Нарком не сказал тогда Бармину, что к началу войны у нас было только шесть боевых машин. В ночь с 1 на 2 июля они ушли на фронт. Шесть! А нужны были сотни, тысячи!
– Костикова Паршин назначил главным конструктором завода, а меня – его замом, – вспоминает Бармин. – Костиков приезжал к концу рабочего дня, да и то не каждый день. Это не работа. В производстве он совершенно ничего не понимал. Его конструкцию, как говорили старые рабочие, – на колене надо делать, он не представлял себе реальных возможностей производства. А ведь нужна была большая серия. Я решил все делать по-своему, он злился, писал рапорты, чтобы меня убрали. Но, в конце концов, убрали его, я стал главным конструктором «Компрессора». Завод эвакуировался в Челябинск, но мы в Москве продолжали делать «катюши»...
Едва ли найдется у нас еще один академик, который бы за годы войны был отмечен «генеральским» орденом Кутузова. У Бармина был этот орден.
С Королевым Бармин встретился в Германии, но виделись они там, впрочем, редко: Бармин работал в Берлине, а Королев – в Тюрингии. В послевоенные годы баллистические ракеты сблизили их. Стартовый комплекс первых баллистических был довольно примитивен, и, когда речь зашла о ракете межконтинентальной, поначалу думалось, что и тут можно будет сработать по «классической» схеме: поставить ее на хвост, и конструкторам и стартовикам это было привычно, а привычное – успокаивает. Стали считать и получилось, что отвести на старте газовые струи одновременно из центрального блока и из «боковушек» – невозможно.
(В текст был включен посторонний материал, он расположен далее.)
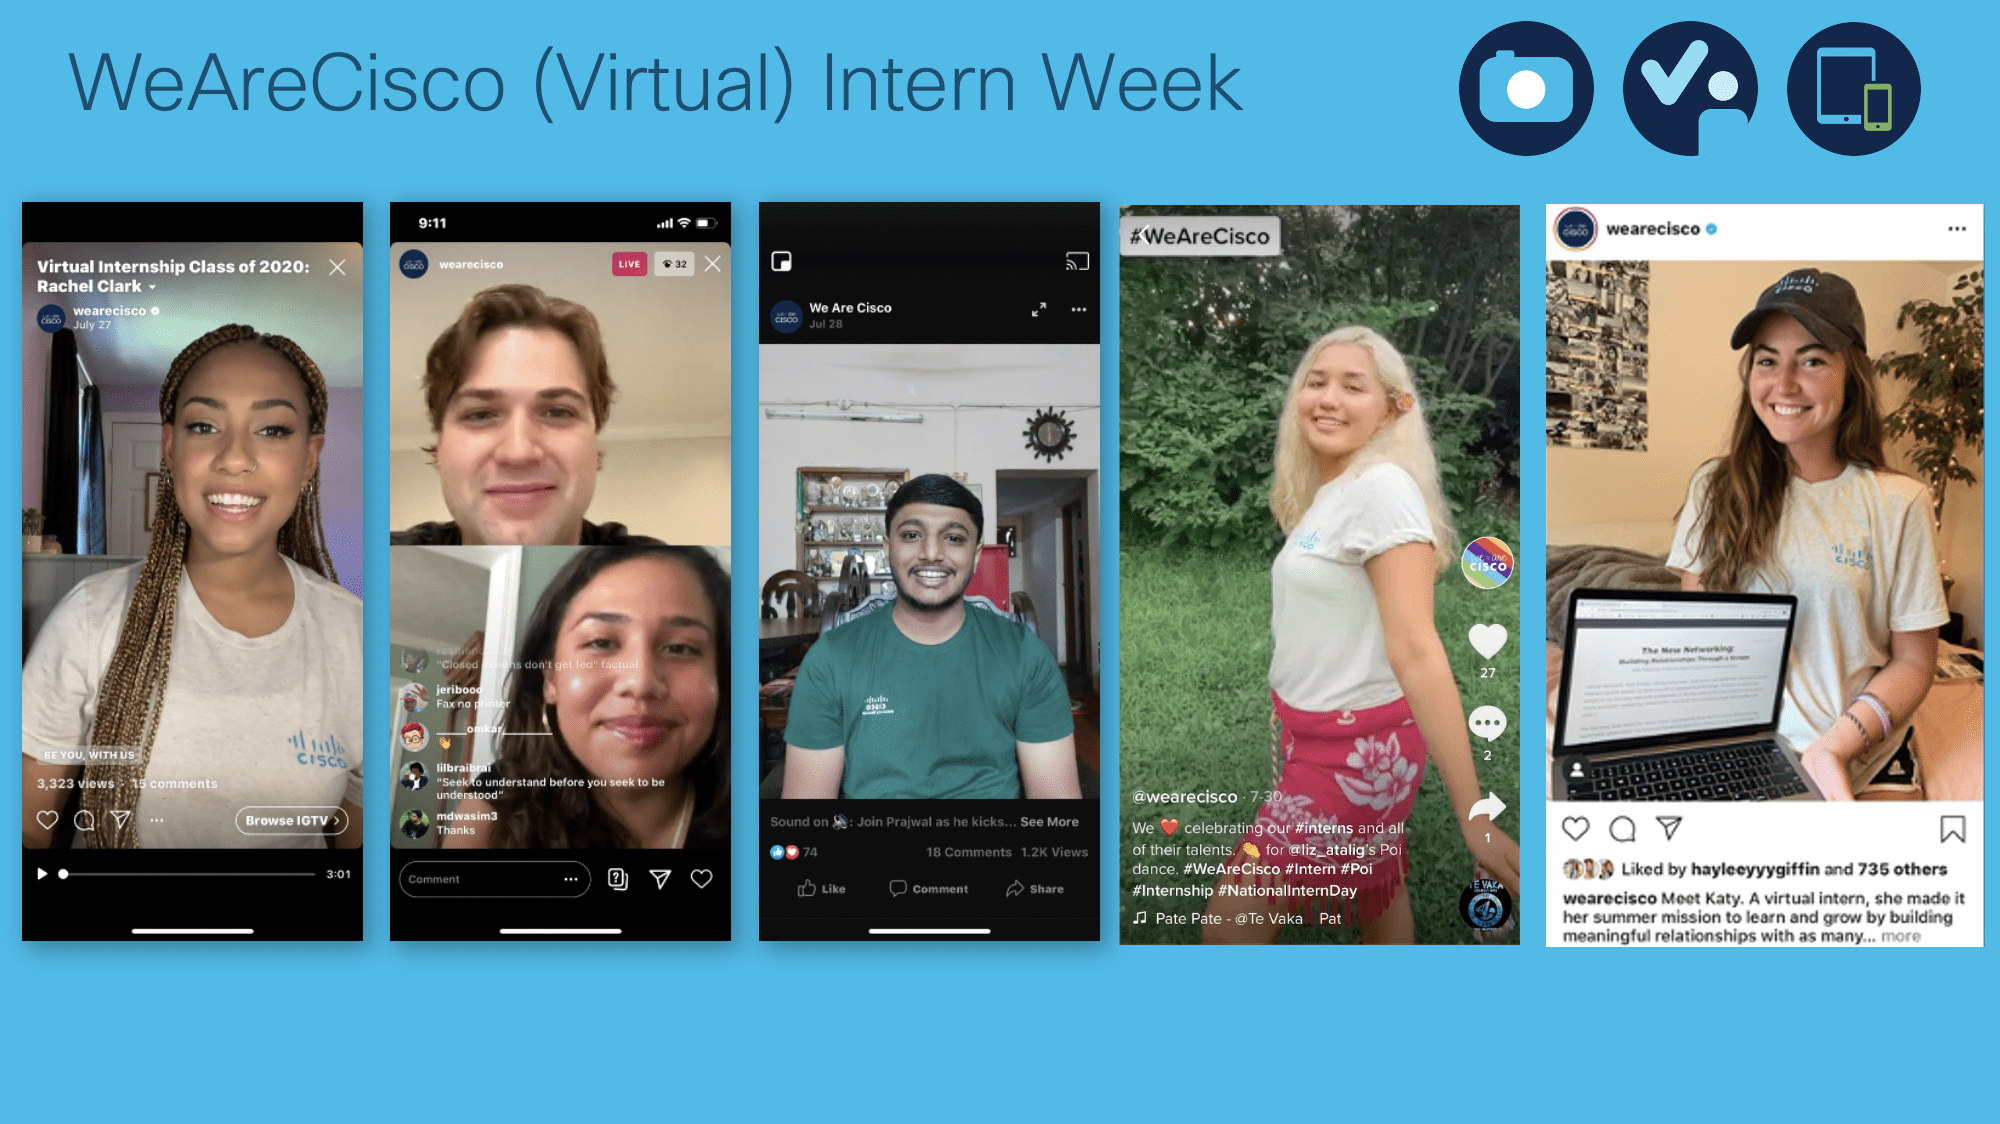 WeAreCisco (Virtual) Intern Week 2020 Campaign

Решение оказалось столь же новаторским, как и сама ракета. Межконтинентальную ракету стартовые фермы брали «за талию», она не стояла, она висела над газоотводным проемом. При этом собственной тяжестью она как бы сама себя заклинивала. Но задача-то была не только в том, чтобы удержать эти 300 тонн, но и в том, чтобы ракету вовремя отпустить, не притормозив в эти первые, самые трудные секунды ее полета. И вот здесь конструкторы КБ Бармина нашли действительно на редкость изящную схему, ранее никогда в мировой ракетной технике не применявшуюся. Как только двигатели набирали силу, способную уравновесить массу огромной машины, ракета, естественно, переставала давить на упоры ферм, и в этот момент противовесы, откидывая фермы в сторону, освобождали ракету. Точнее, она как бы сама себя освобождала, когда стартовый комплекс был ей уже не нужен. Об этом писать легко, поскольку все видели старты космических ракет в кино и на телеэкране, но додуматься до такой инженерной простоты, ой, как трудно! Ведь, действительно, нет никакой гидравлики, пневматики, магнитов, электрических цепей, ничего, что может потечь, заклинить, замкнуться. Надежность обеспечивается законом всемирного тяготения Ньютона. Ньютон – соавтор солидный, на него можно положиться, не подведет...
Но это школьники знают, что не подведет, а люди ответственные полагаться на какого-то там Ньютона не могут. Собралась именитая комиссия экспертов под председательством академика Благонравова. Смотрели, считали и решили, что все-таки не мешало бы задублировать всю эту систему гидроцилиндрами.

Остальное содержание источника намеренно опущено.